*** Opening of Data ***

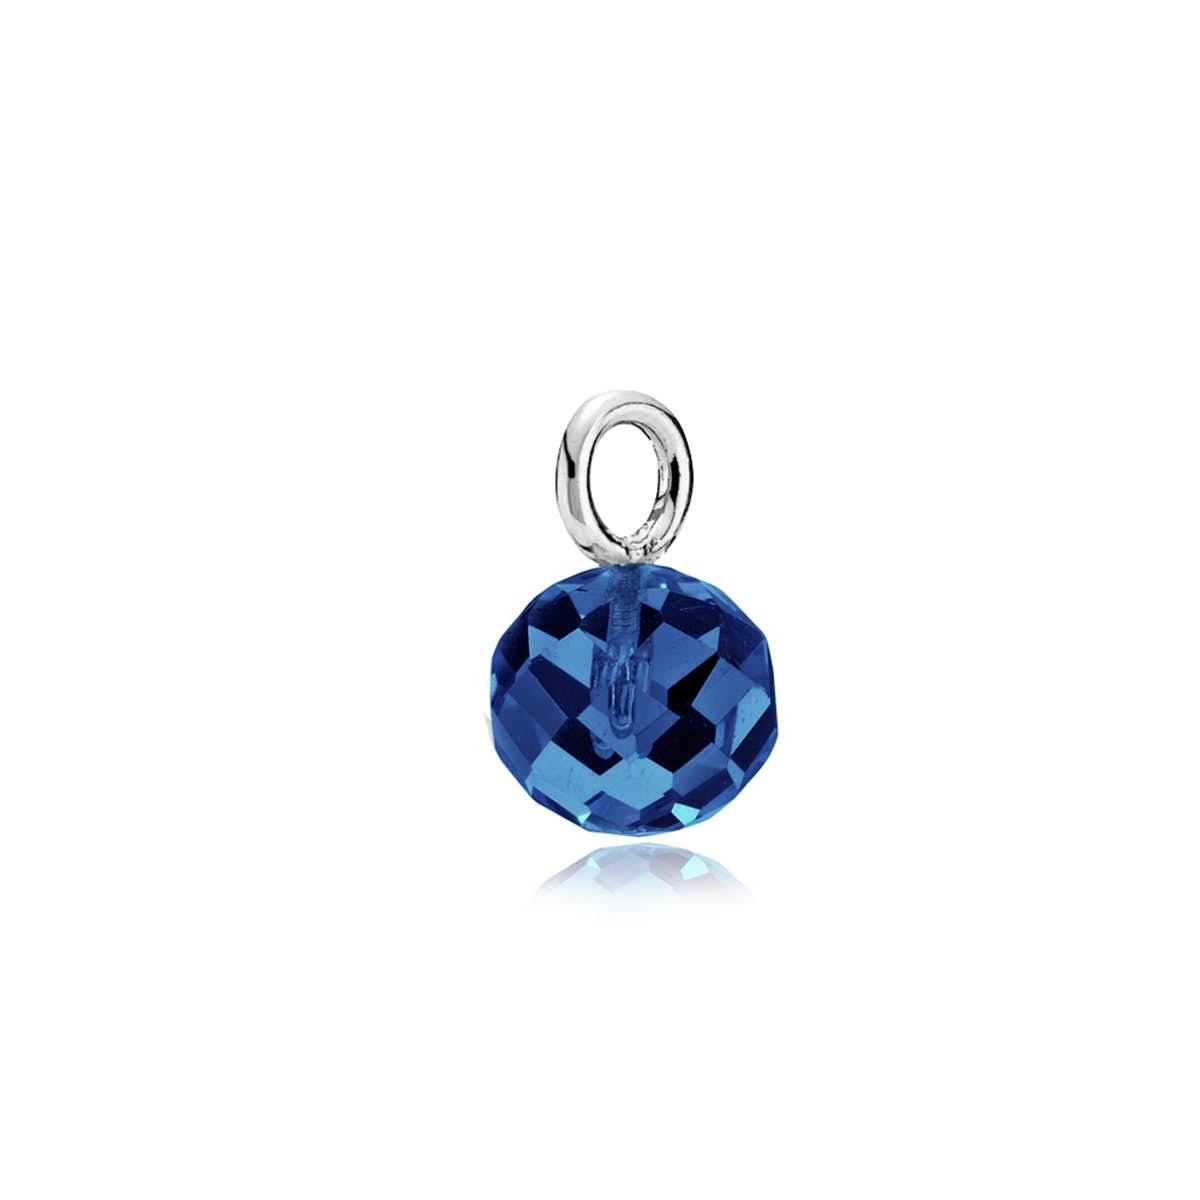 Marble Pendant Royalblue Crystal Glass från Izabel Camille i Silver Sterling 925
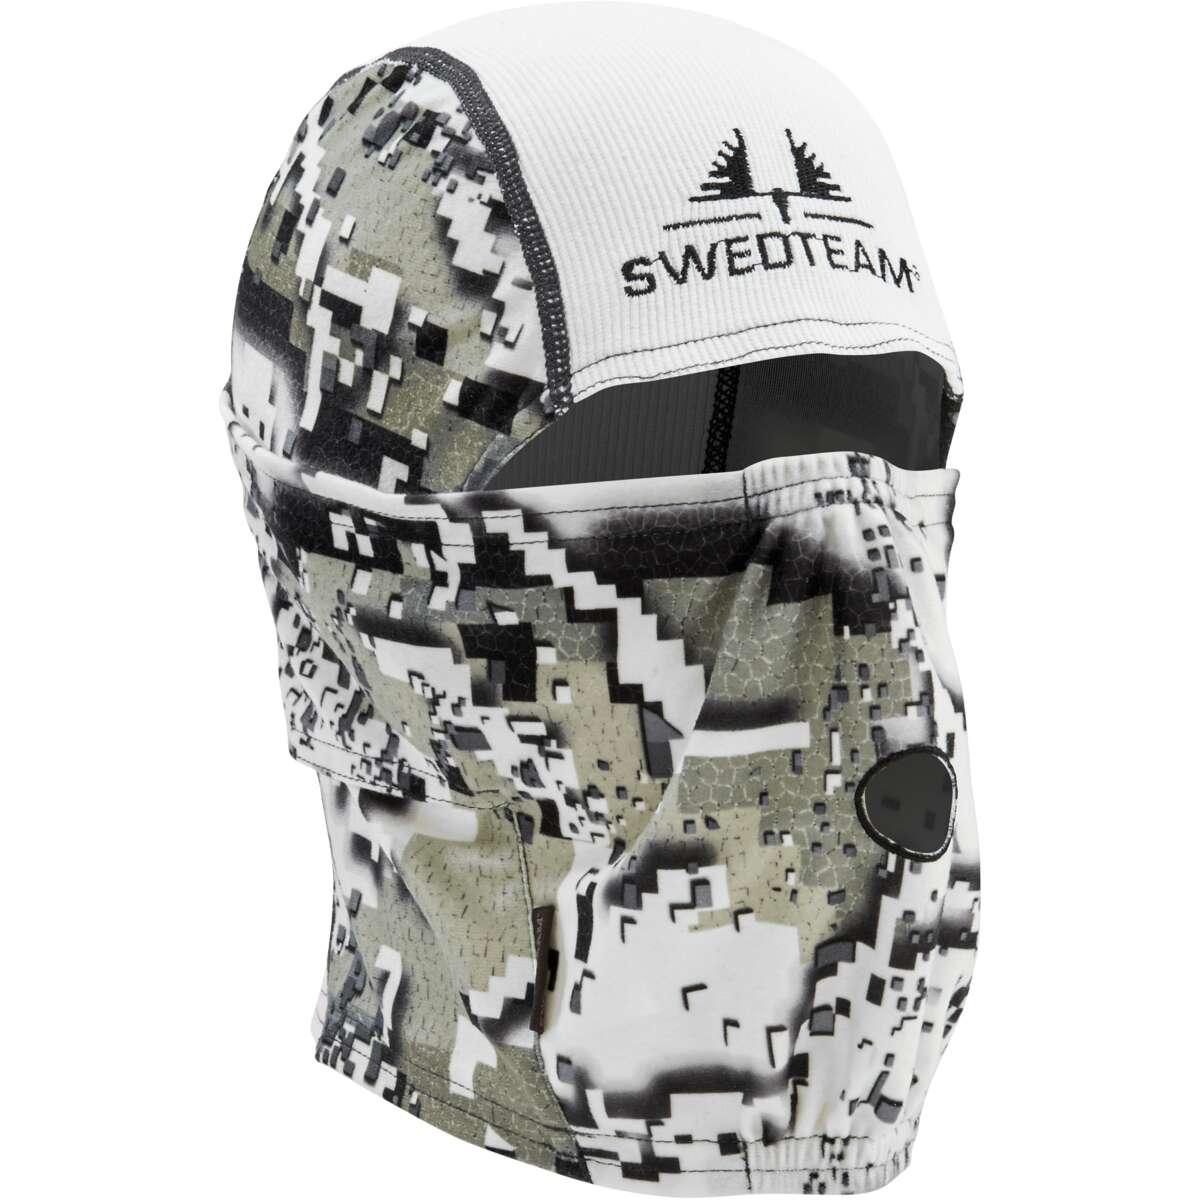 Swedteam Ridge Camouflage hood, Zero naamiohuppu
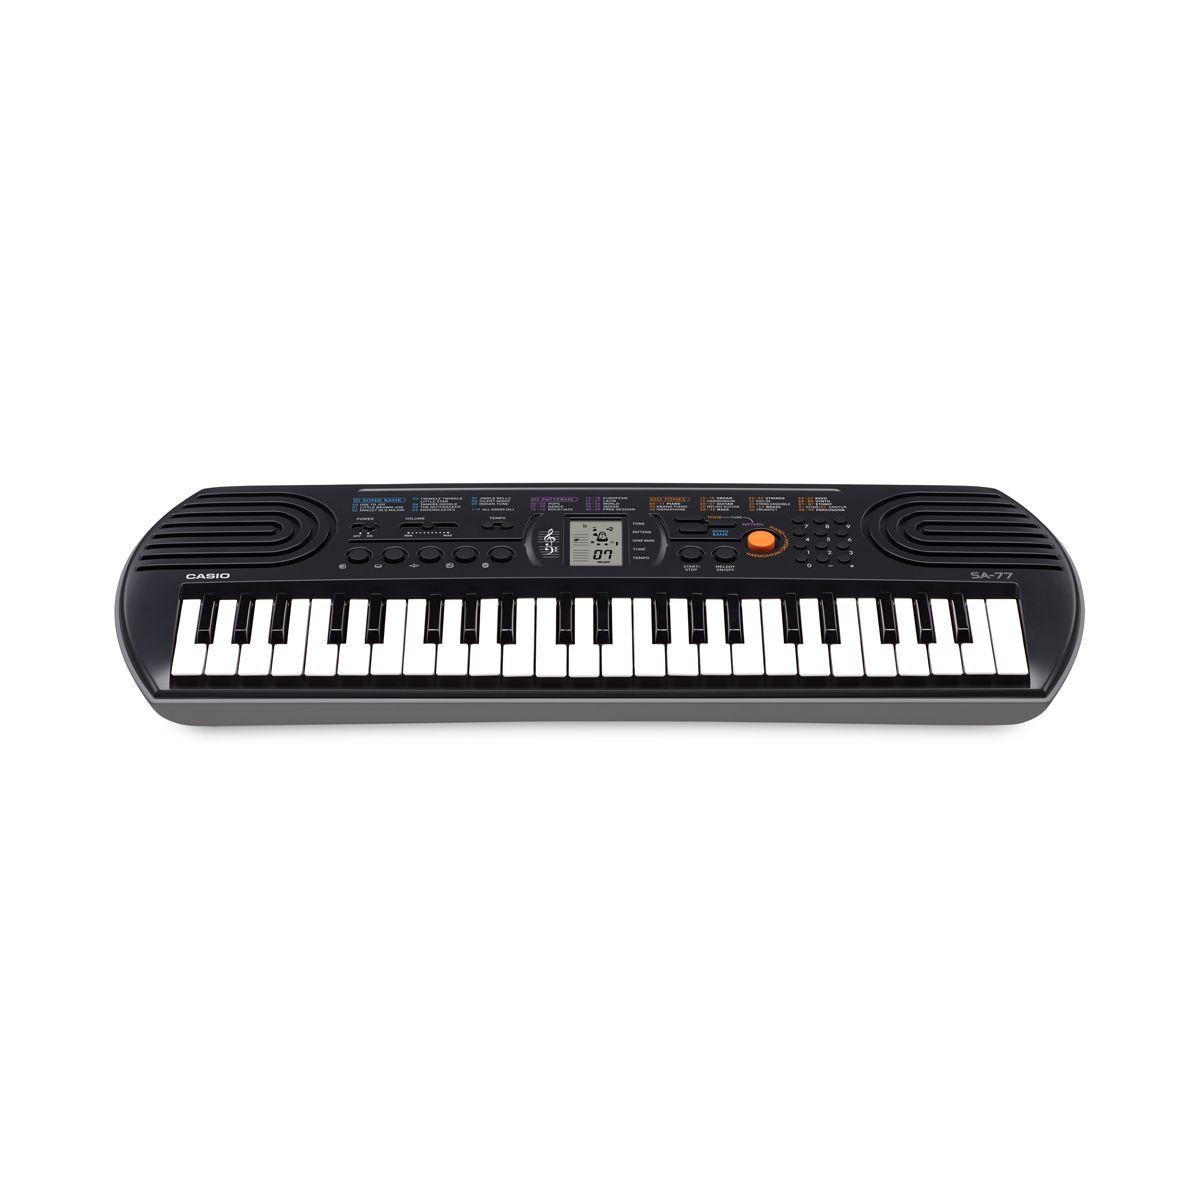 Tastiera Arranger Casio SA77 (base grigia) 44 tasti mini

*** Close of Data ***
*** Opening of Data ***

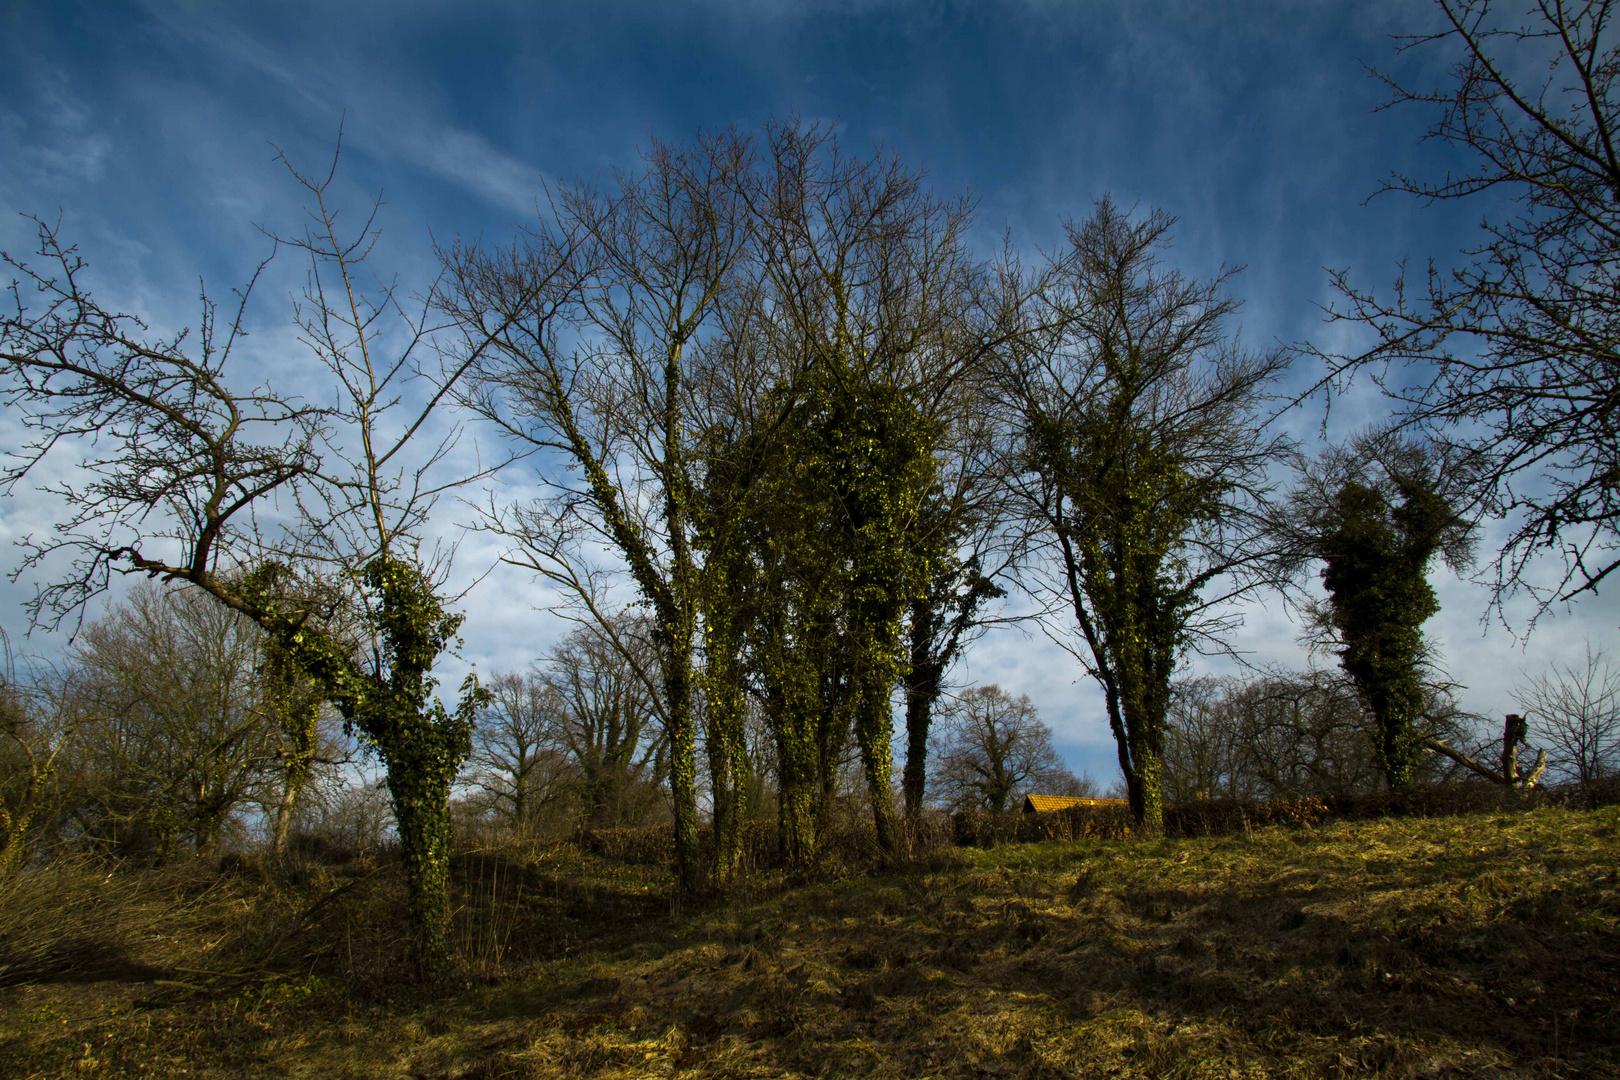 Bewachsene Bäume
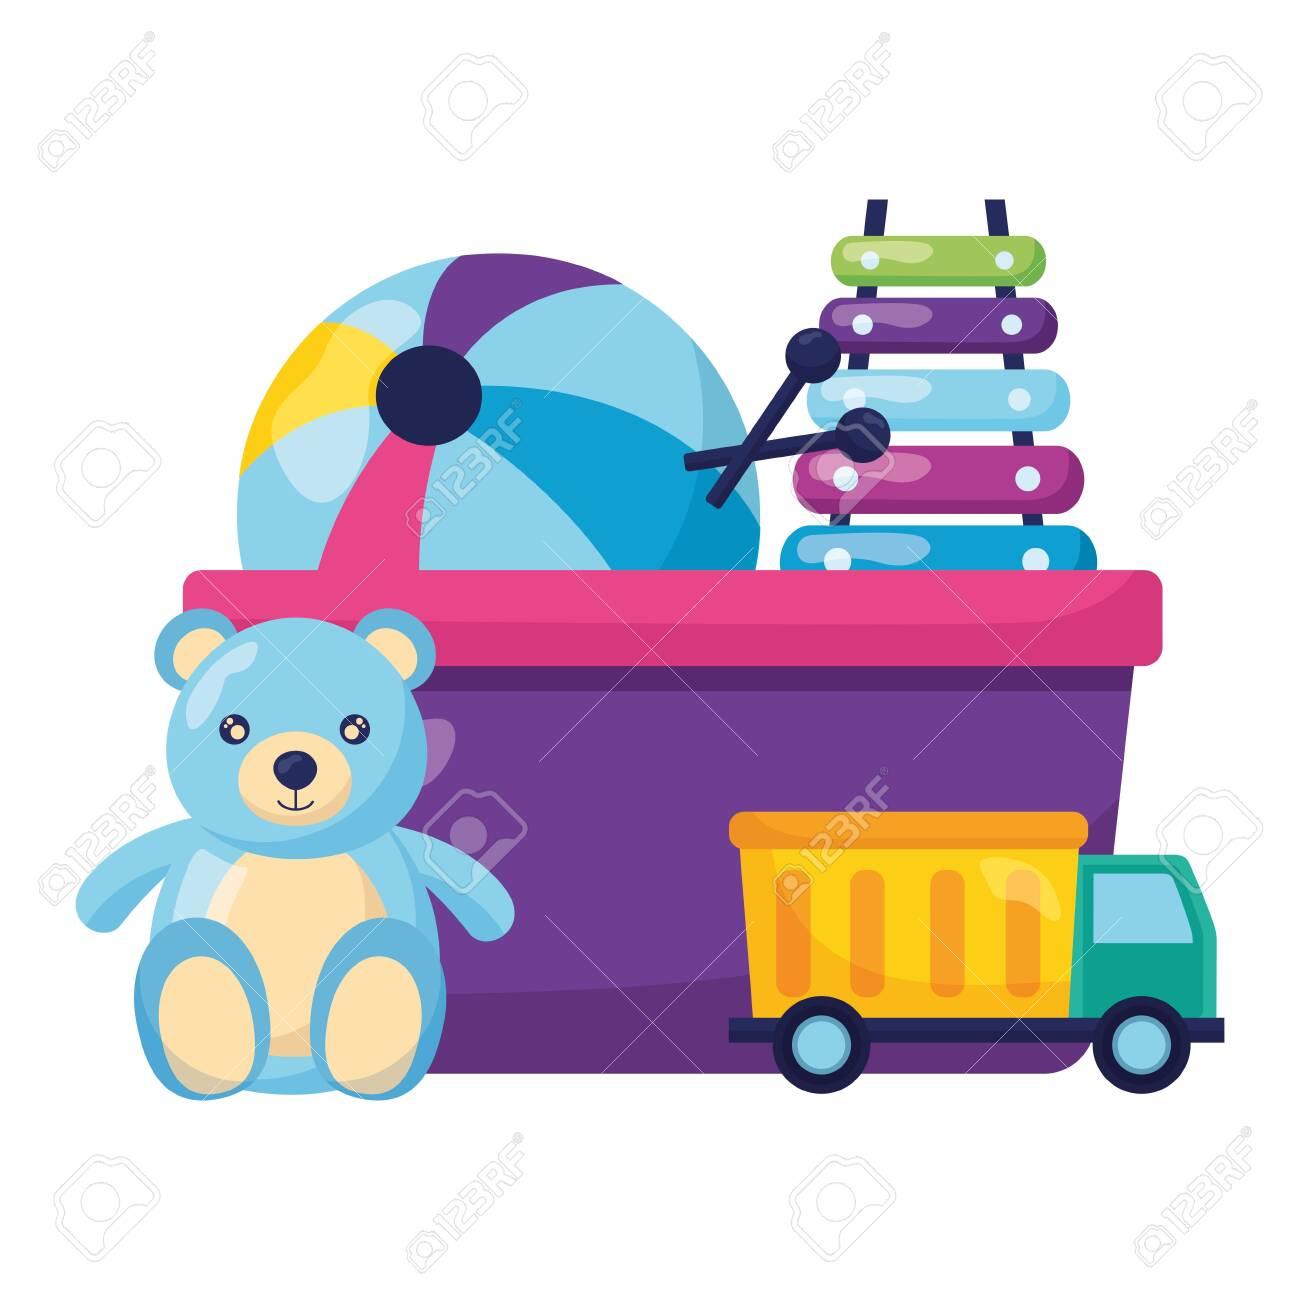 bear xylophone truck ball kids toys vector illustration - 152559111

*** Close of Data ***

# Activity
Transcribe exactly the lines above, beginning at the one with "Swedteam Ridge Camouflage" and going up to and including the one with "Tastiera Arranger Casio". Pictures do not belong in the copy.

# Response to this task
 Swedteam Ridge Camouflage hood, Zero naamiohuppu
 Tastiera Arranger Casio SA77 (base grigia) 44 tasti mini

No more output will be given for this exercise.